Aim of the exercise
In the listing below, find the line with "Colar Nossa Senhora" and copy every line from there up to and including the line with "Vintage Style Camel", exactly and without pictures.

Task data
-*-
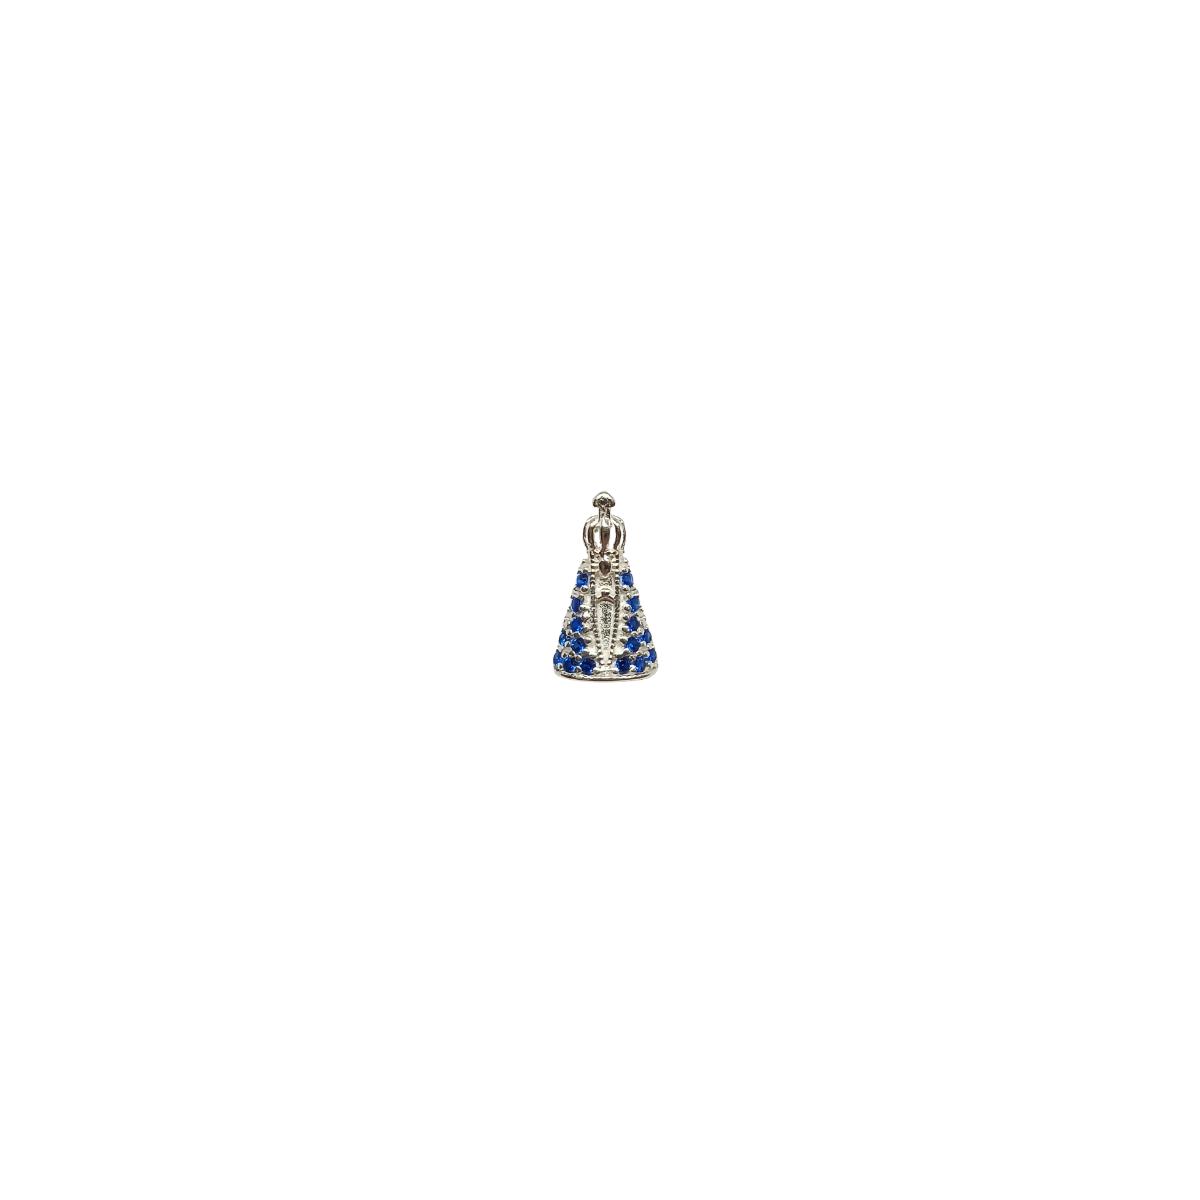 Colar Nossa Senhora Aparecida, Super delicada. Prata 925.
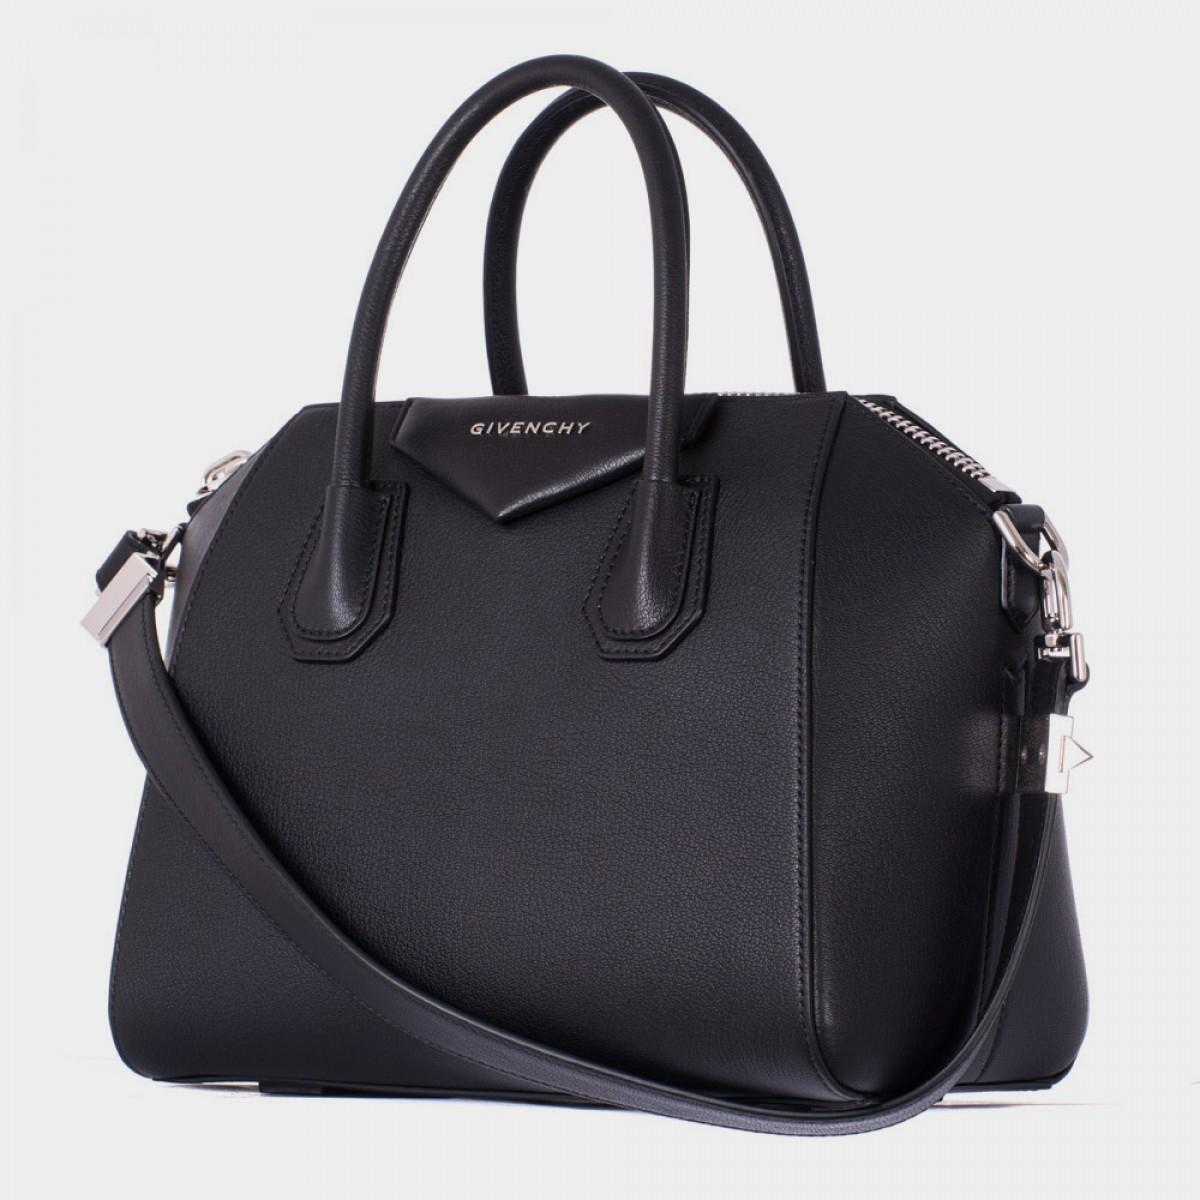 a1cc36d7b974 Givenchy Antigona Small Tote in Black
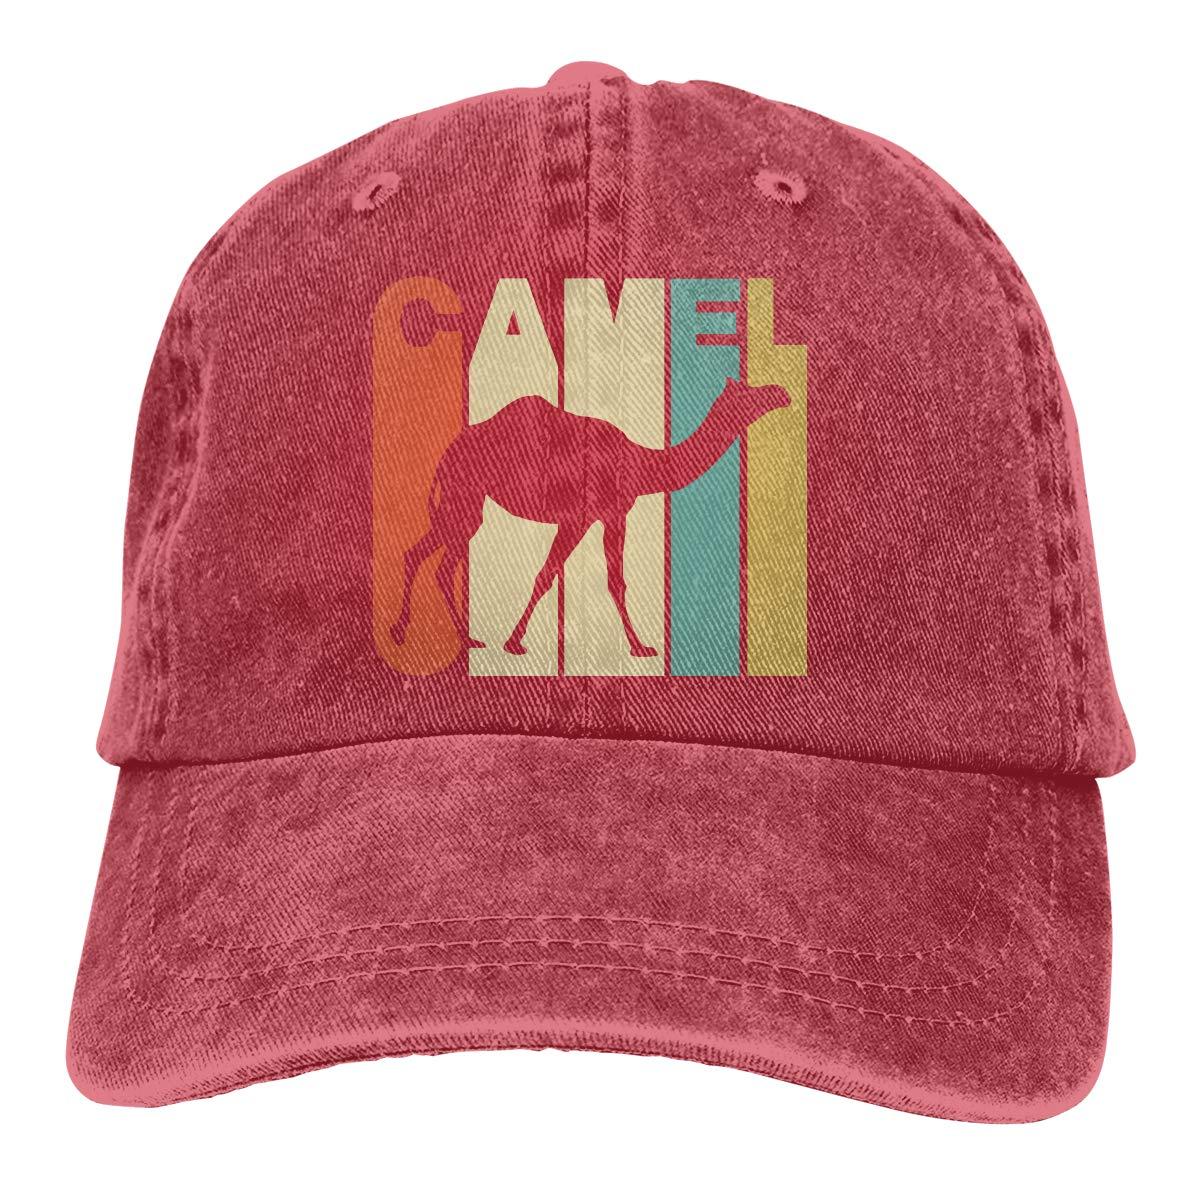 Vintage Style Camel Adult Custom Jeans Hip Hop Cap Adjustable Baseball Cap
-*-
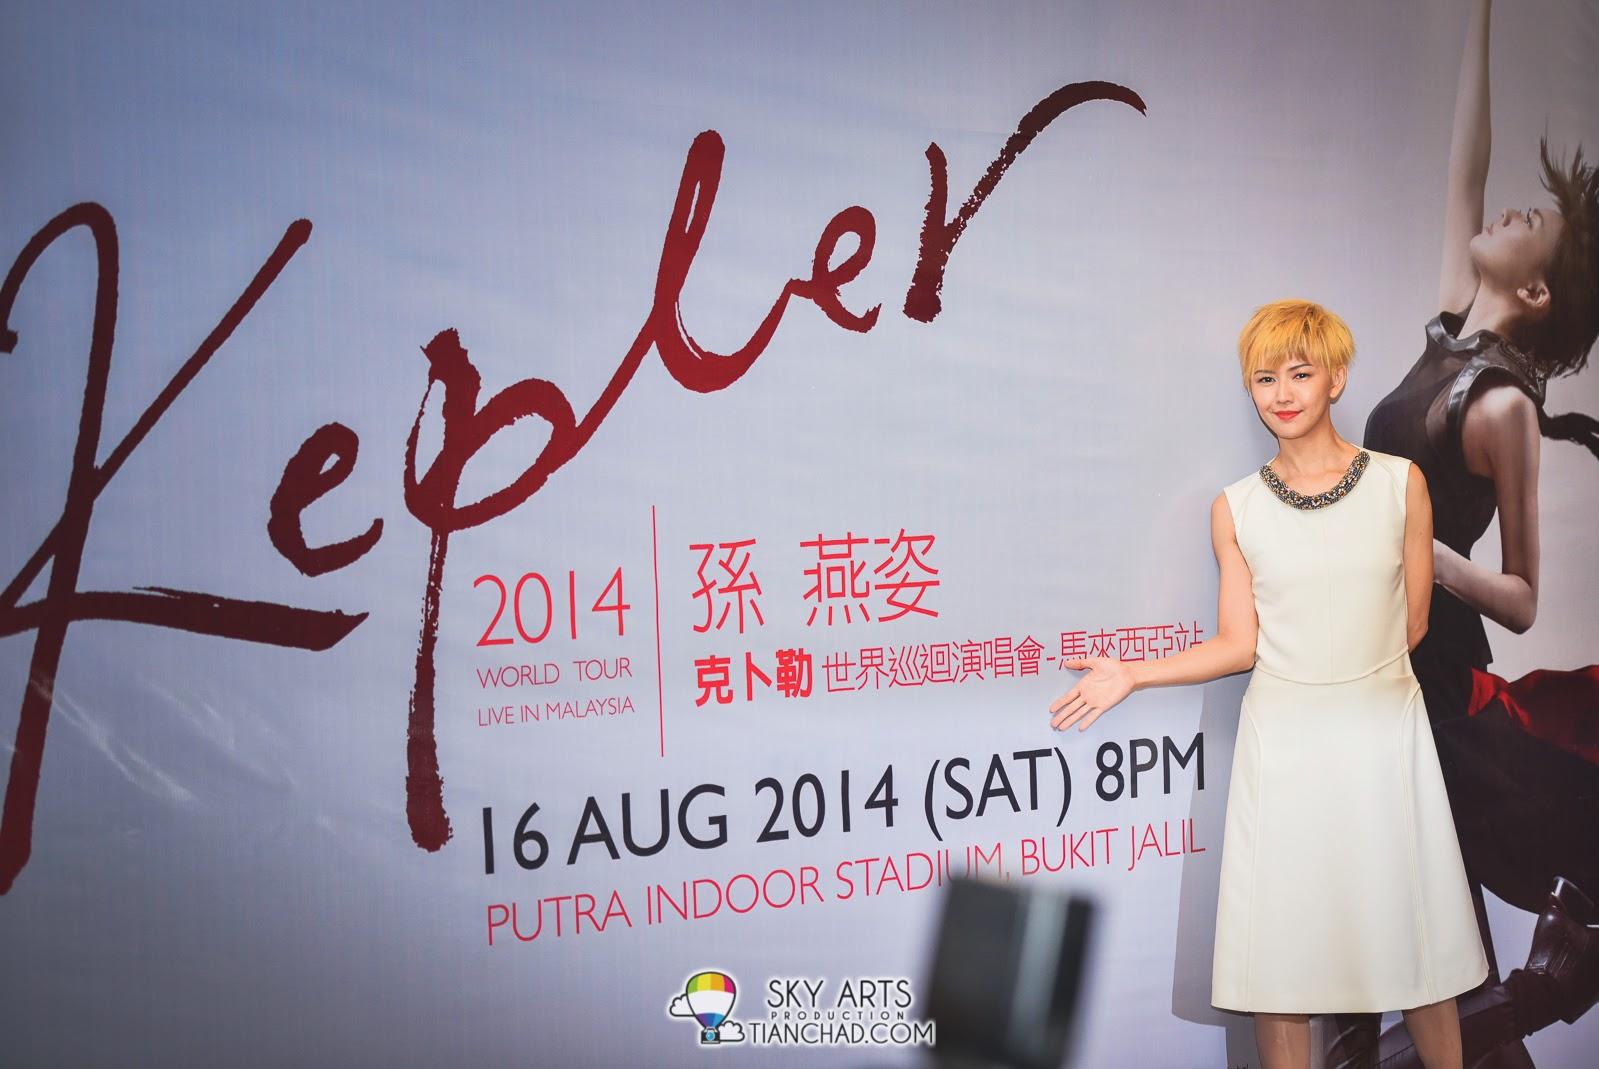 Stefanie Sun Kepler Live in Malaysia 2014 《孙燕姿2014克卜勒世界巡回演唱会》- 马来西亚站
-*-
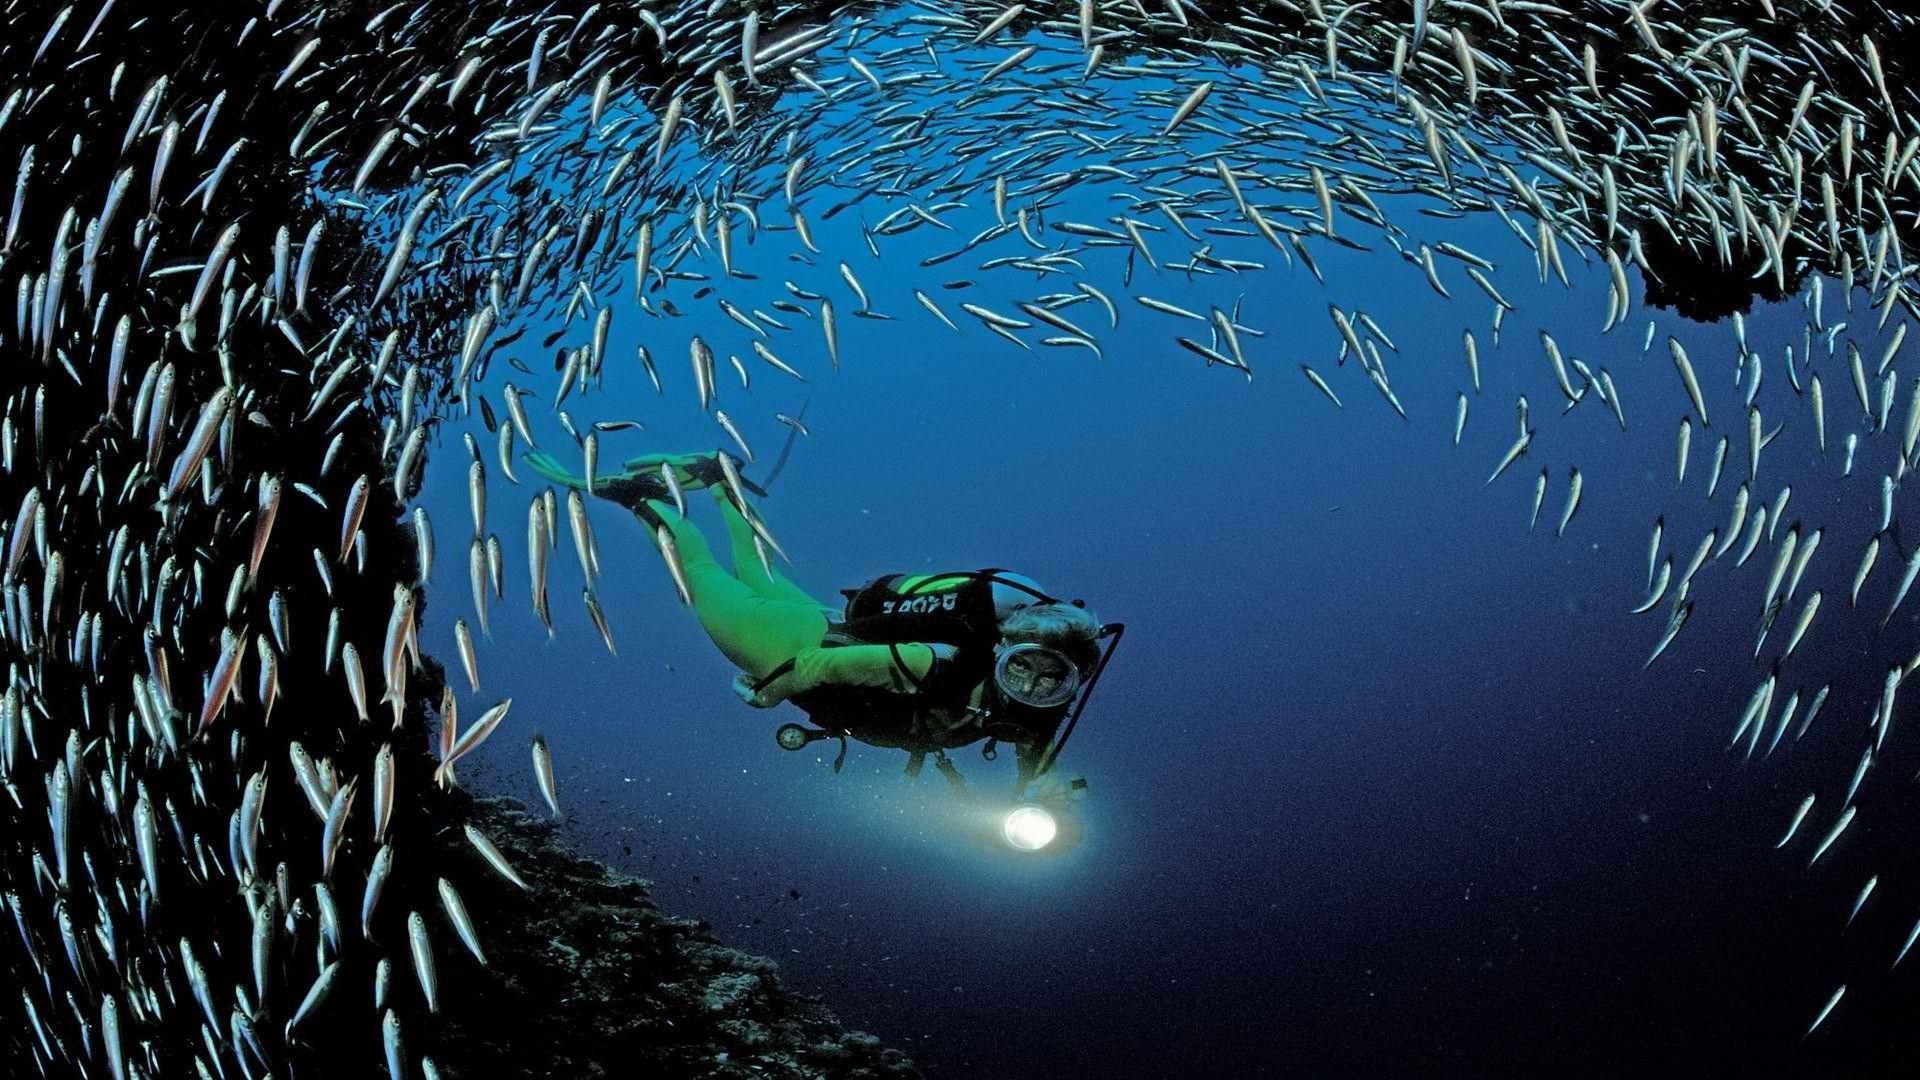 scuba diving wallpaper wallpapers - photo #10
-*-
Written solution
 Colar Nossa Senhora Aparecida, Super delicada. Prata 925.
 a1cc36d7b974 Givenchy Antigona Small Tote in Black
 Vintage Style Camel Adult Custom Jeans Hip Hop Cap Adjustable Baseball Cap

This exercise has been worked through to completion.